→ TASK STATEMENT
In your copy, leave out the pictures; write out all the data exactly.

==== GIVEN MATERIAL

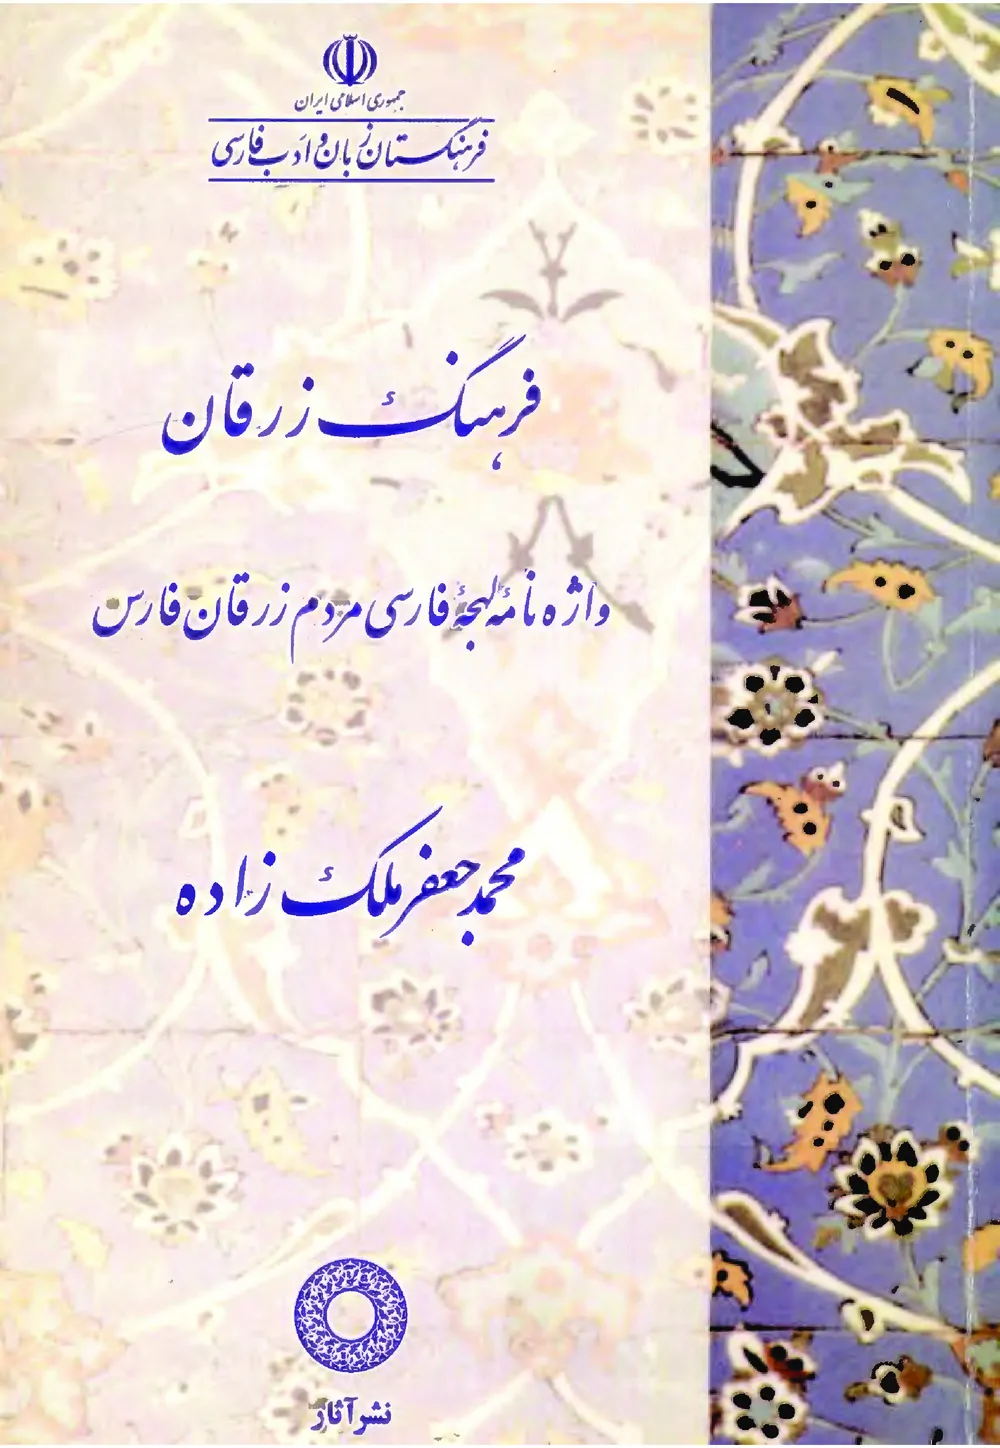 فرهنگ زرقان: واژه نامه لهجه فارسی مردم زرقان فارس
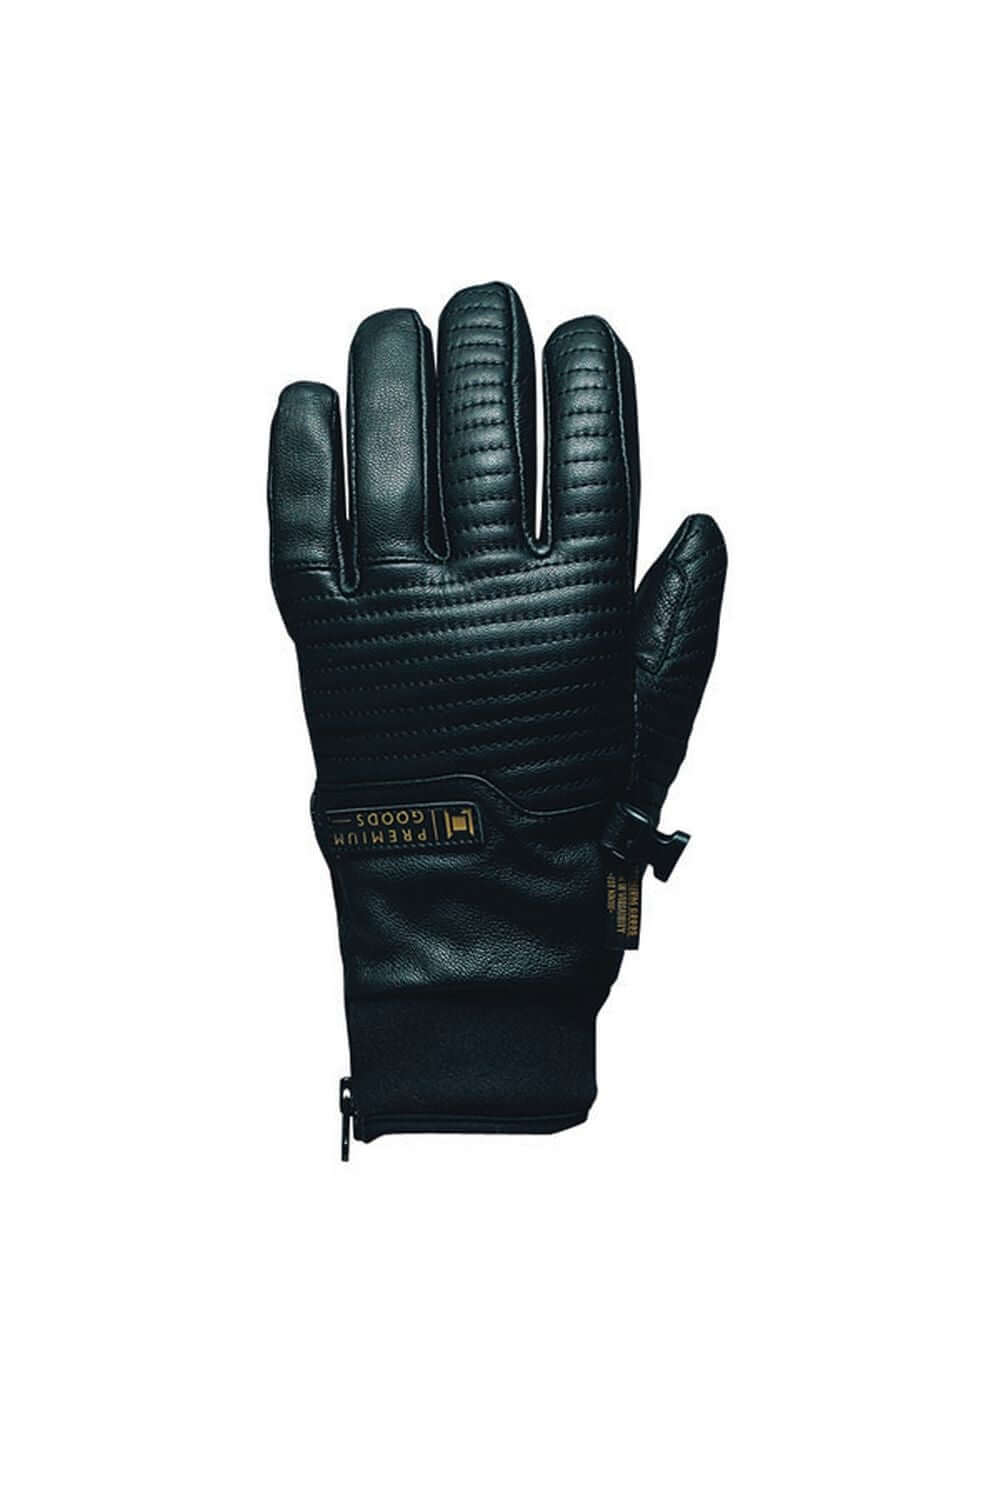 L1 Sabra Glove Black XL Snow Gloves
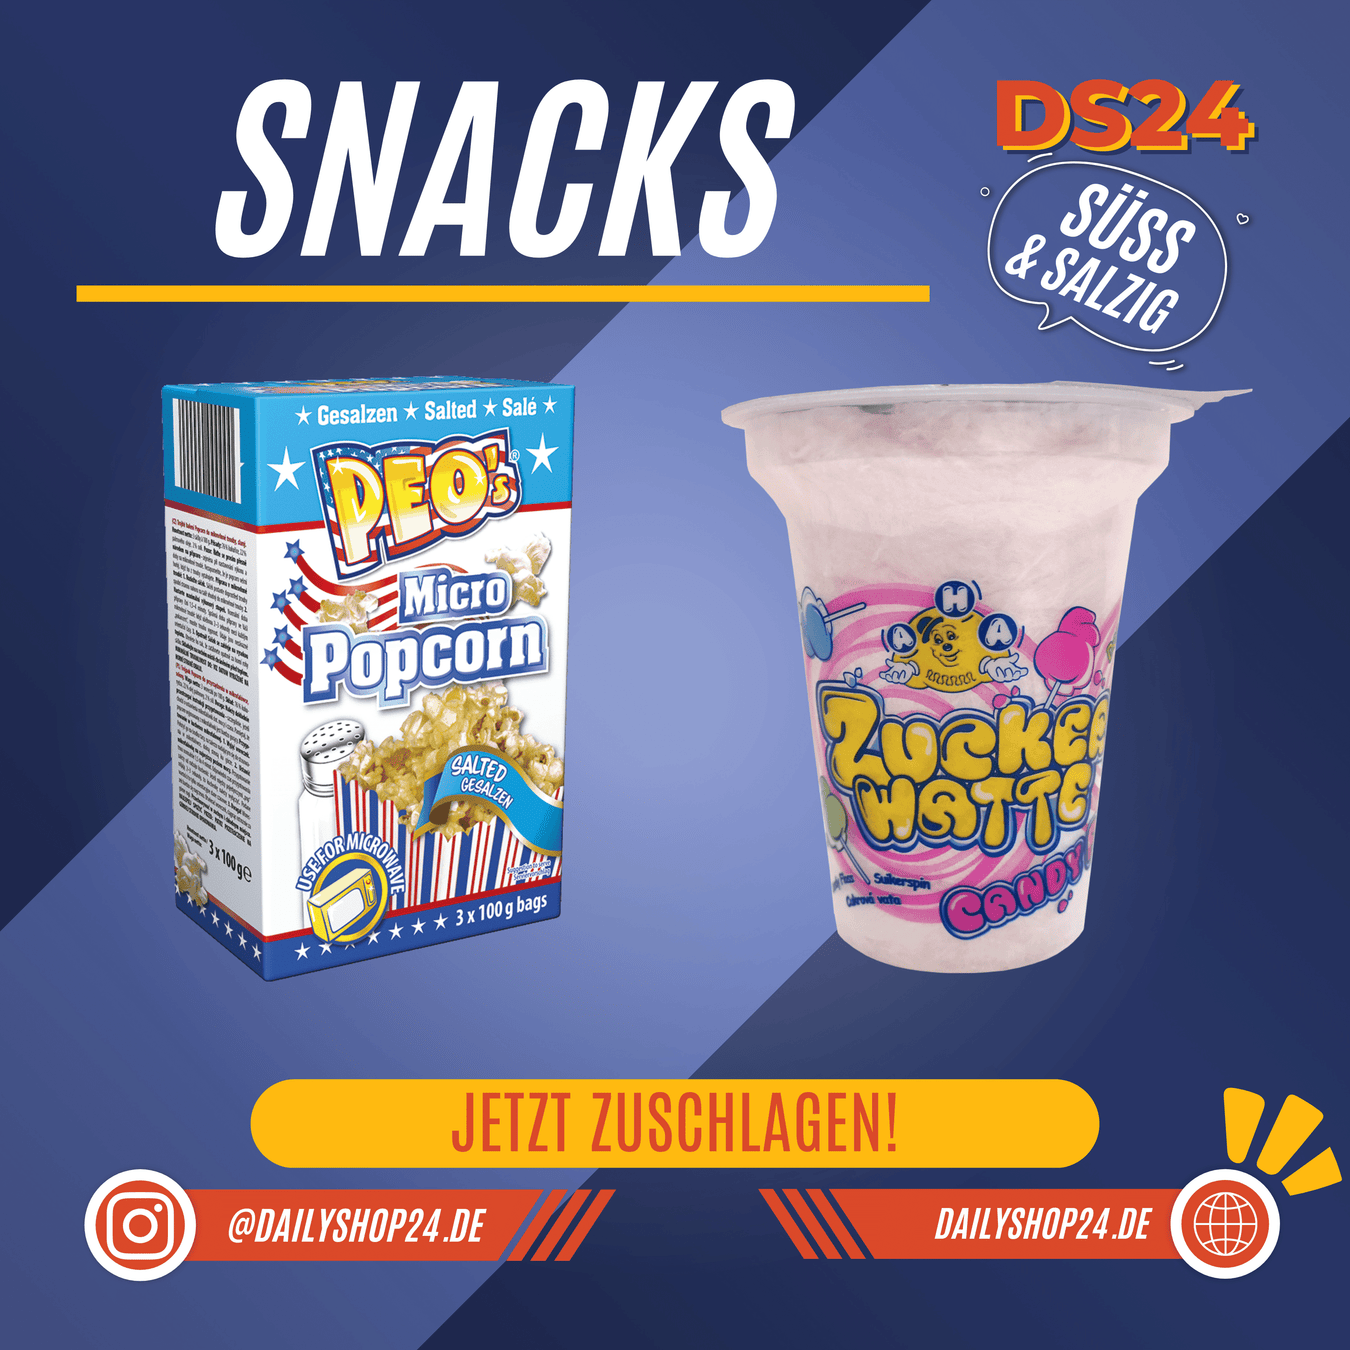 dailyshop24 snacks und süßigkeiten Kategorienbild mit zwei Produkten Peos Popcorn salzig und süß und AHA Zuckerwatte pink
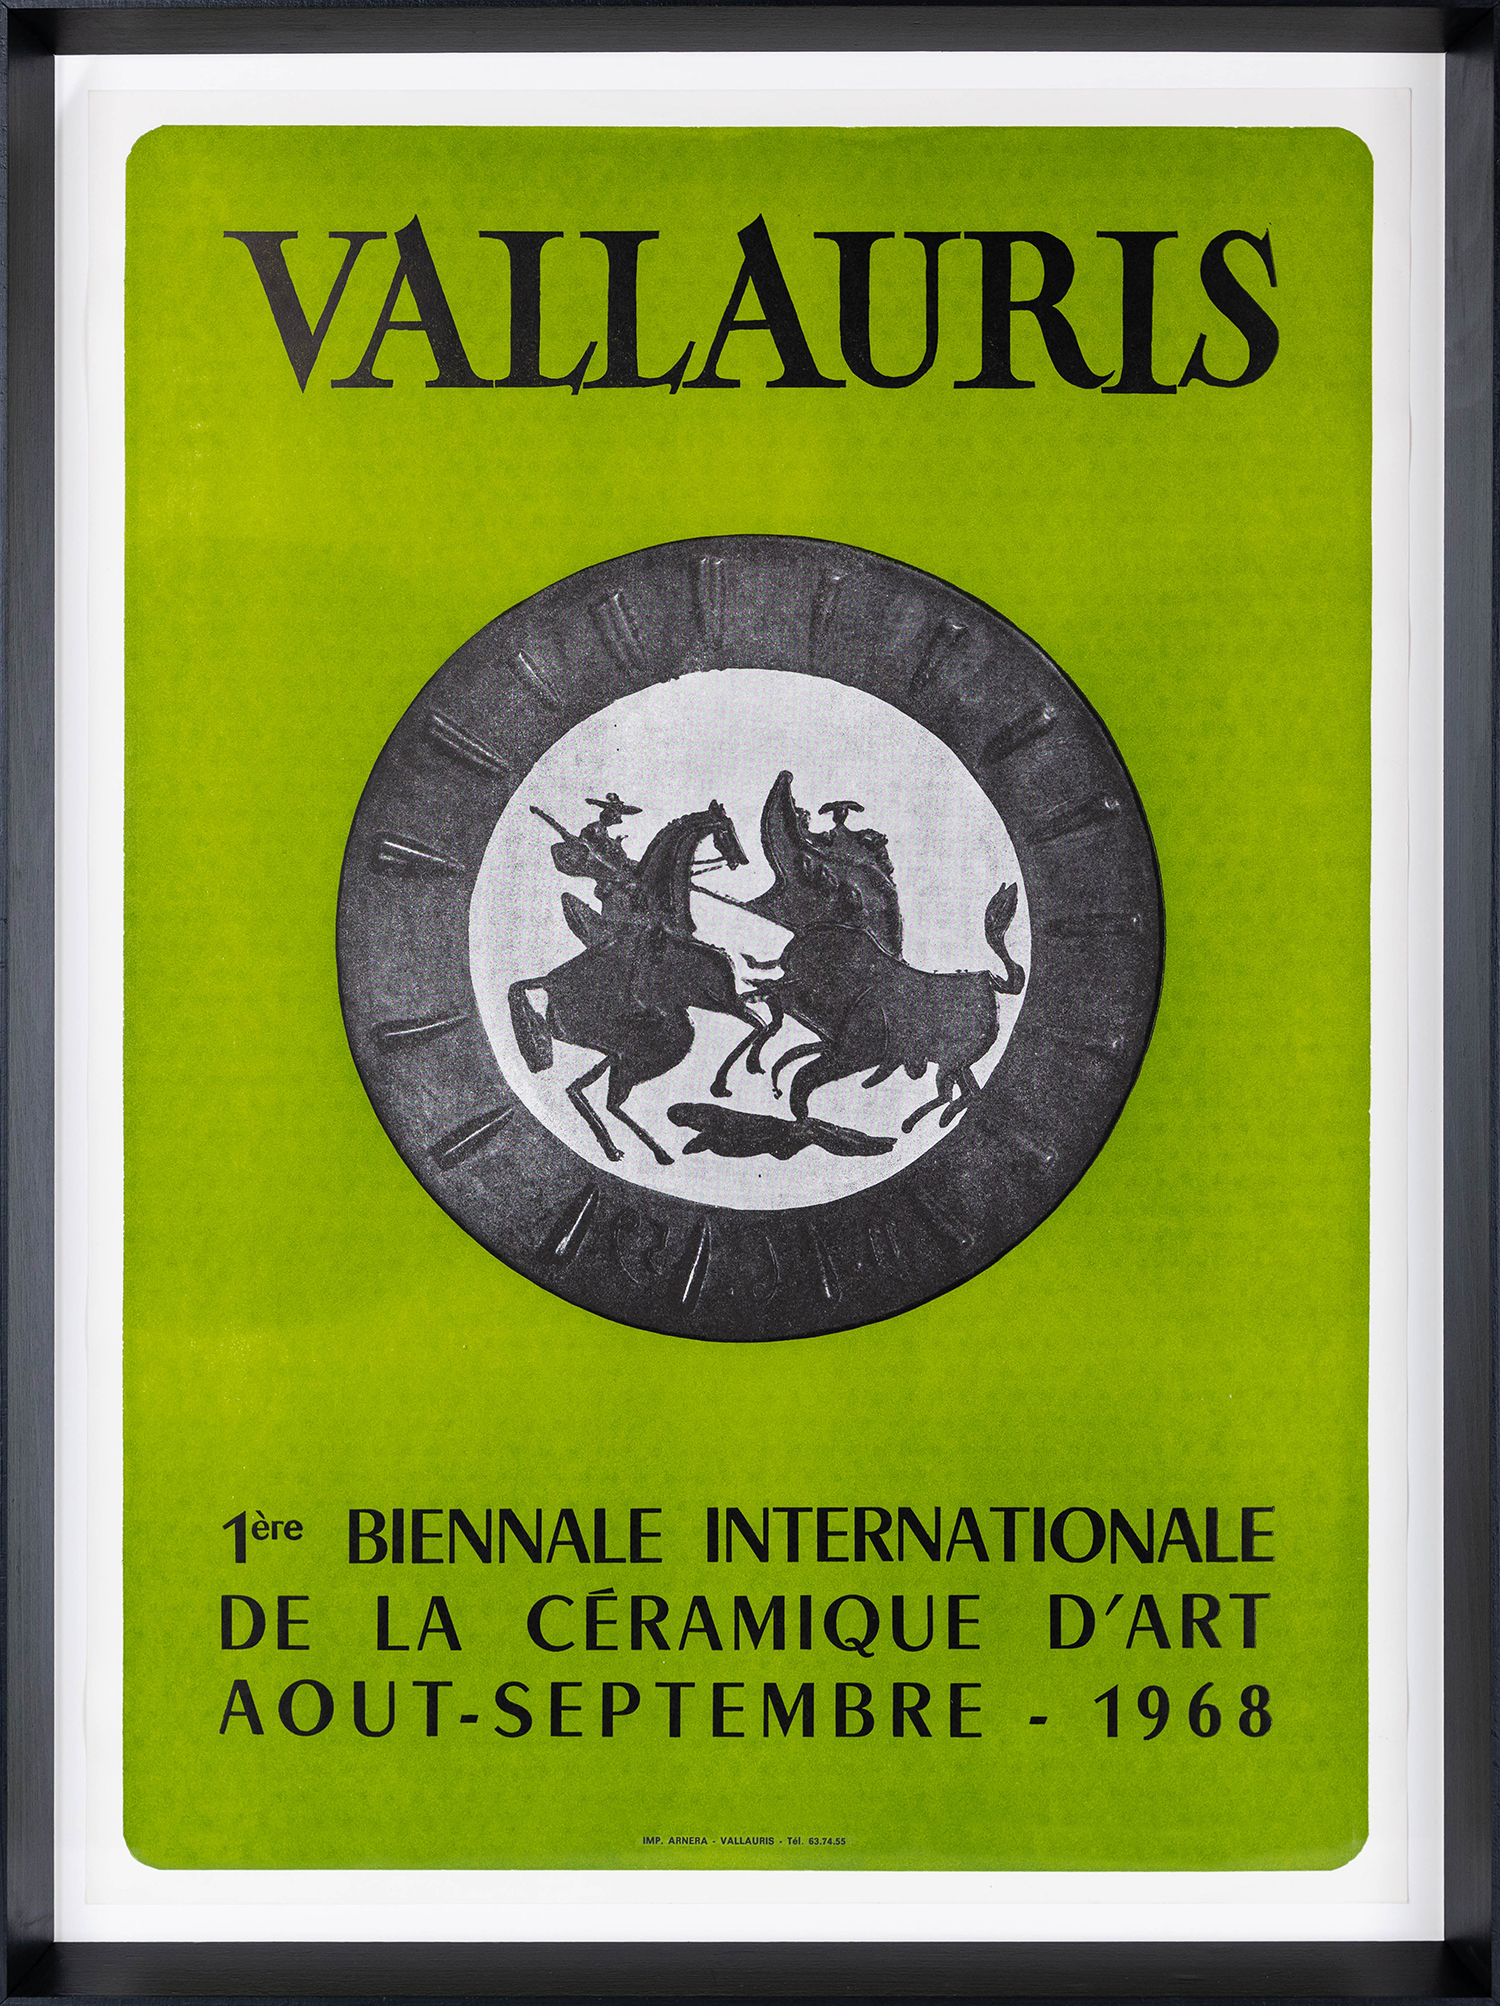 Vallauris 1ère Biennale Internationale de la Céramique d'Art, 1968

========

→ RESULT BELOW
 فرهنگ زرقان: واژه نامه لهجه فارسی مردم زرقان فارس
 L1 Sabra Glove Black XL Snow Gloves
 dailyshop24 snacks und süßigkeiten Kategorienbild mit zwei Produkten Peos Popcorn salzig und süß und AHA Zuckerwatte pink
 Vallauris 1ère Biennale Internationale de la Céramique d'Art, 1968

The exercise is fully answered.